Refreshing naval traditions, Britain has sent two Offshore Patrol Ships ‘to re-establish a permanent Royal Navy presence in the Indo-Pacific—the first time since the return of Hong Kong a quarter of a century ago’. Patrols have gone as far as New Zealand in the south and the Pitcairn Islands to the east. With no home port, the ships are a flexible asset at large in the Indo-Pacific. Smaller and more lightly armed than a frigate (with a crew of just 50), their size and capability matches well with South Pacific vessels; they complement rather than over-match.

Britain created a defence section at its Fiji embassy in February 2023, with coverage also of Tonga, Vanuatu and Solomon Islands. The British aim is not to enlist in a bidding war with China, but to act a good defence partner to the islands and complementary defence actor in the region.

Britain’s return to the South Pacific refreshes history as part of the tilt towards the new powerplay.

Prime Minister Rishi Sunak says ‘China poses an epoch-defining challenge’ threatening ‘to create a world defined by danger, disorder and division’. The British tilt is a nod to Australia’s strategic declaration: ‘The Indo-Pacific is the most important geostrategic region in the world.’

In this century, the global balance will be set in the Indo-Pacific. As Britain wants a role in setting the Indo-Pacific balance, so it must resume a role in the South Pacific, as one element of the power system.

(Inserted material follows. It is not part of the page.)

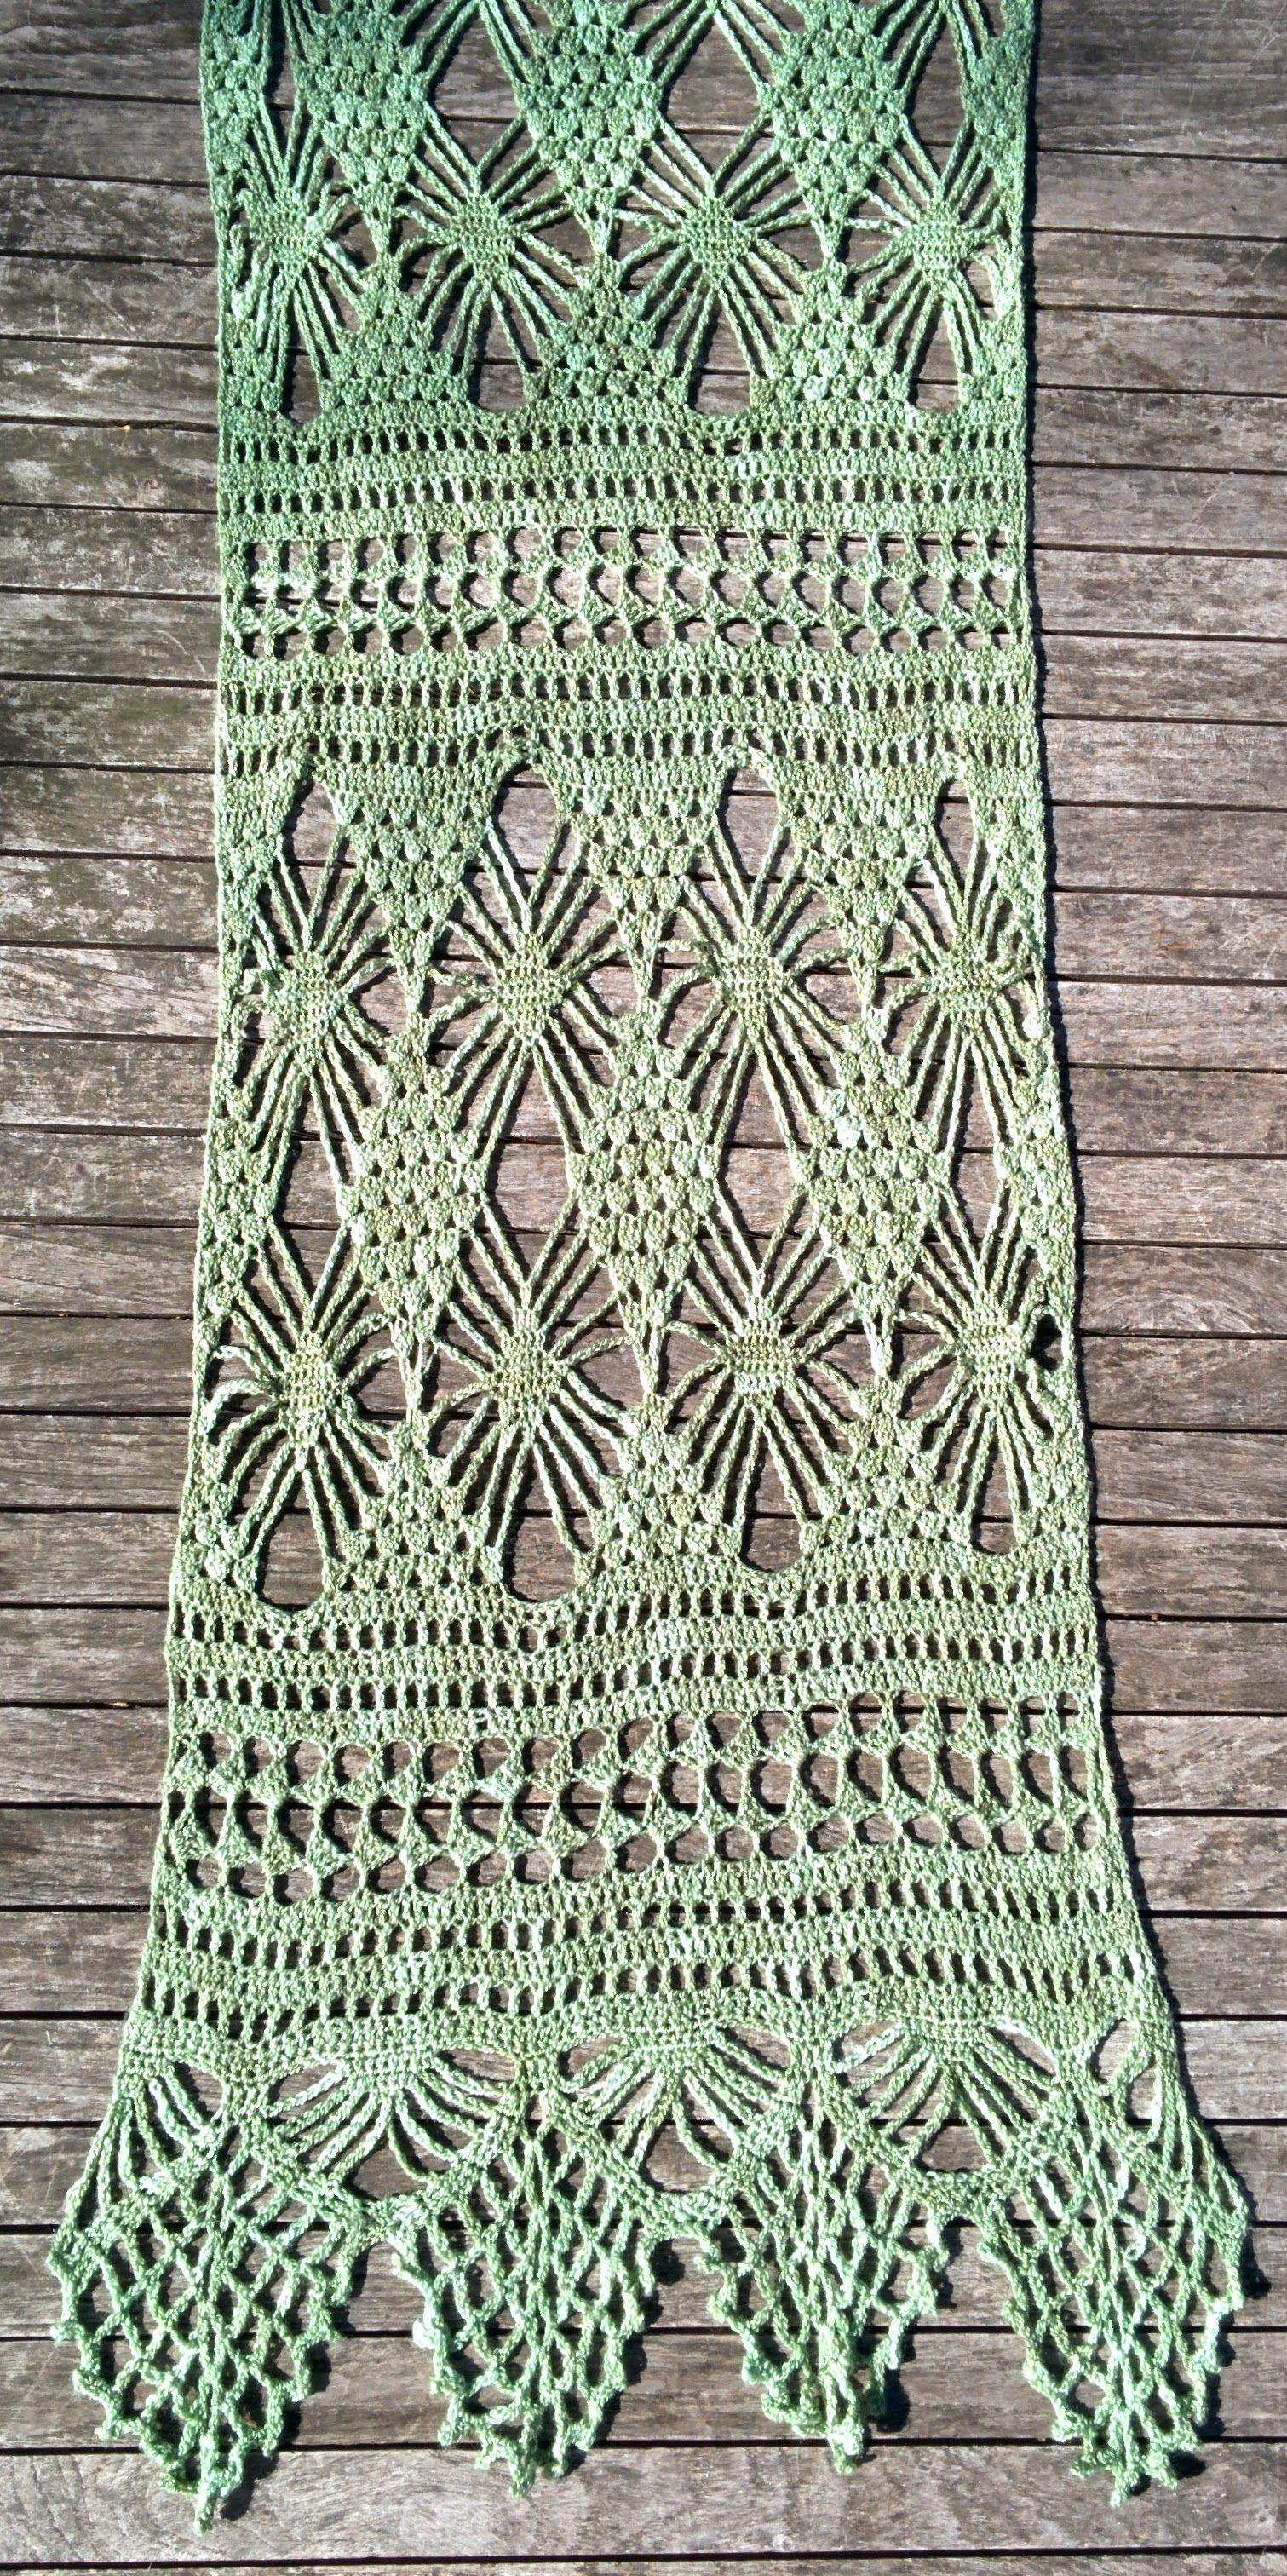 Pin de Lainey Marie en Crochet/Knit Scarves | Pinterest | Chal ...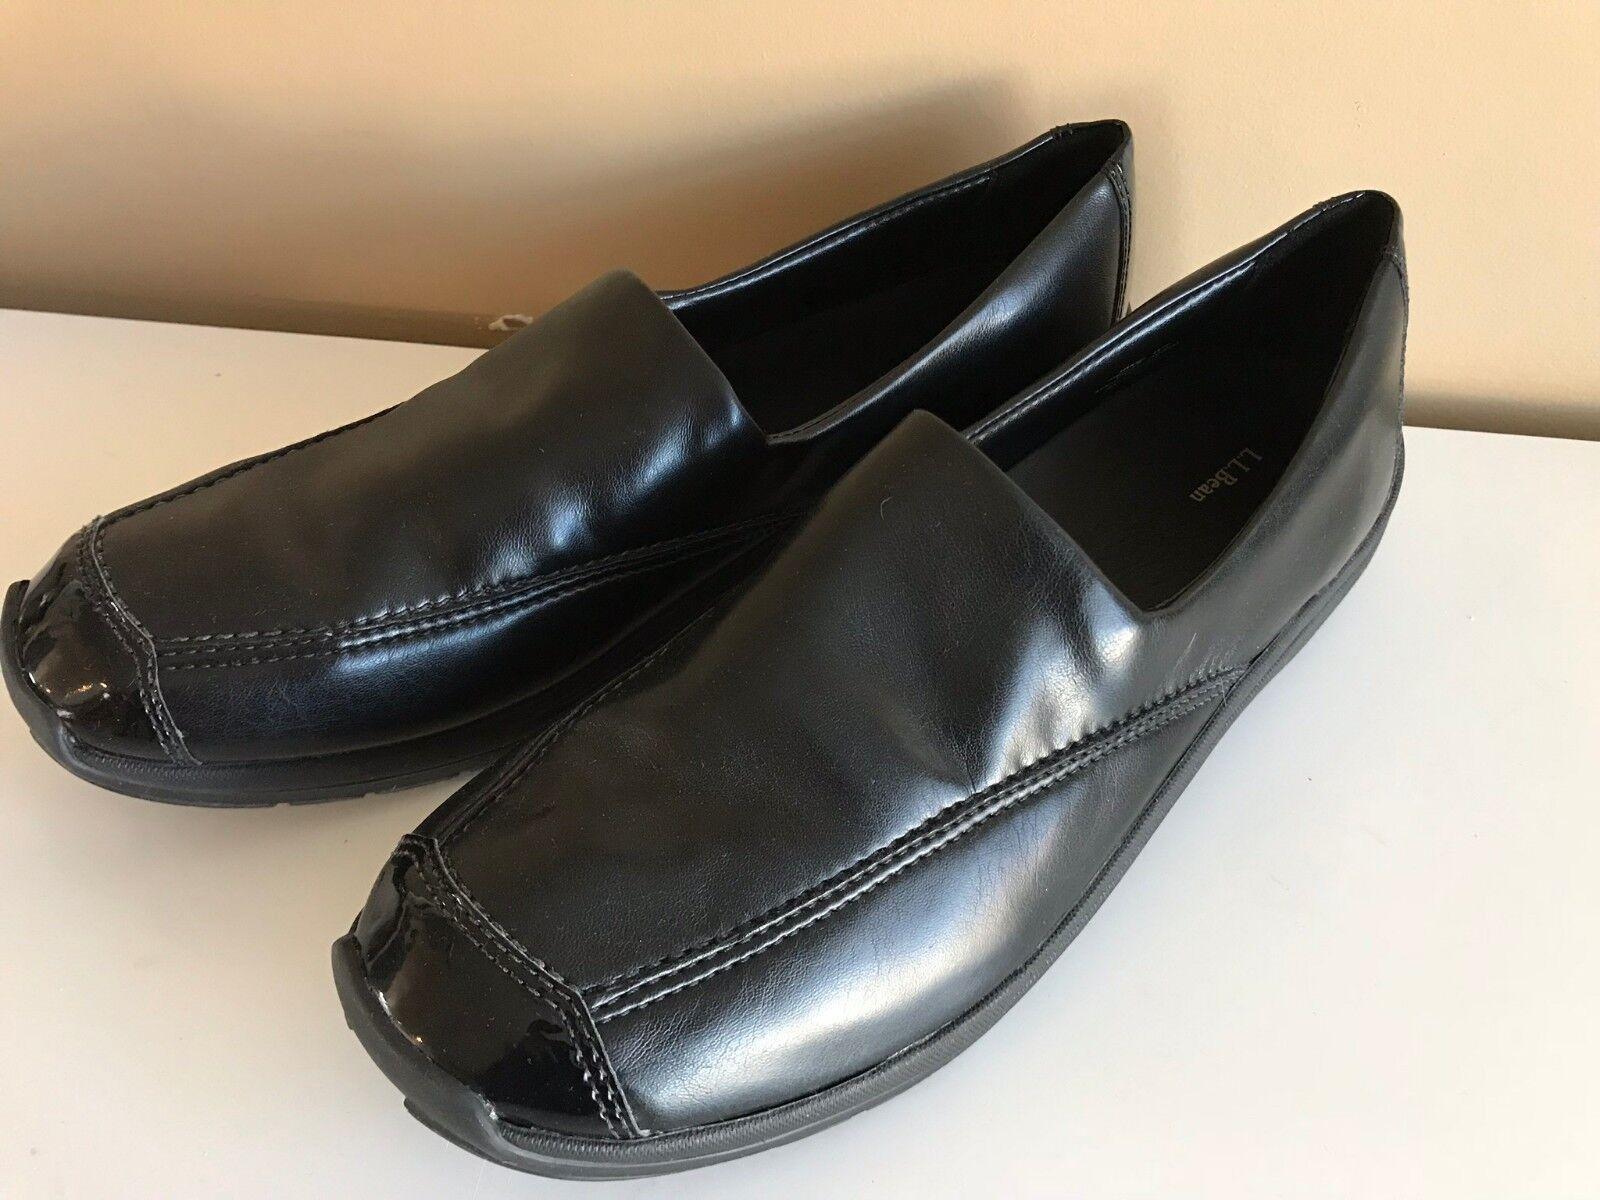 Ll Bean Mocasín Zapatos para mujer negro negro negro 7f8abf

Britain helped create much of value in the South Pacific during the powerplays of the previous 250 years. The tilt to the islands has deep roots that mean Britain can seek to serve island needs as well as the Indo-Pacific balance. The twin purposes were equally emphasised by the House of Commons foreign affairs committee, pointing to both the ‘great strategic importance’ of the South Pacific and what Britain could do for island societies:

Support for Pacific Islands needs to be long-term and consistent to dispel the current perception that the UK is only responding to increased diplomatic activity in the region by other countries, especially China. While China has the resources to supply infrastructure to the Pacific Island countries, it may be a less helpful partner than the UK in developing free and open societies, and a high-risk provider of security and defence.

What Britain bequeathed to the South Pacific means its tilt to the islands comes loaded with much valuable history; that heritage means the South Pacific response has had no trace of ‘Not you again’.

Instead, the island message to Britain is ‘welcome back’.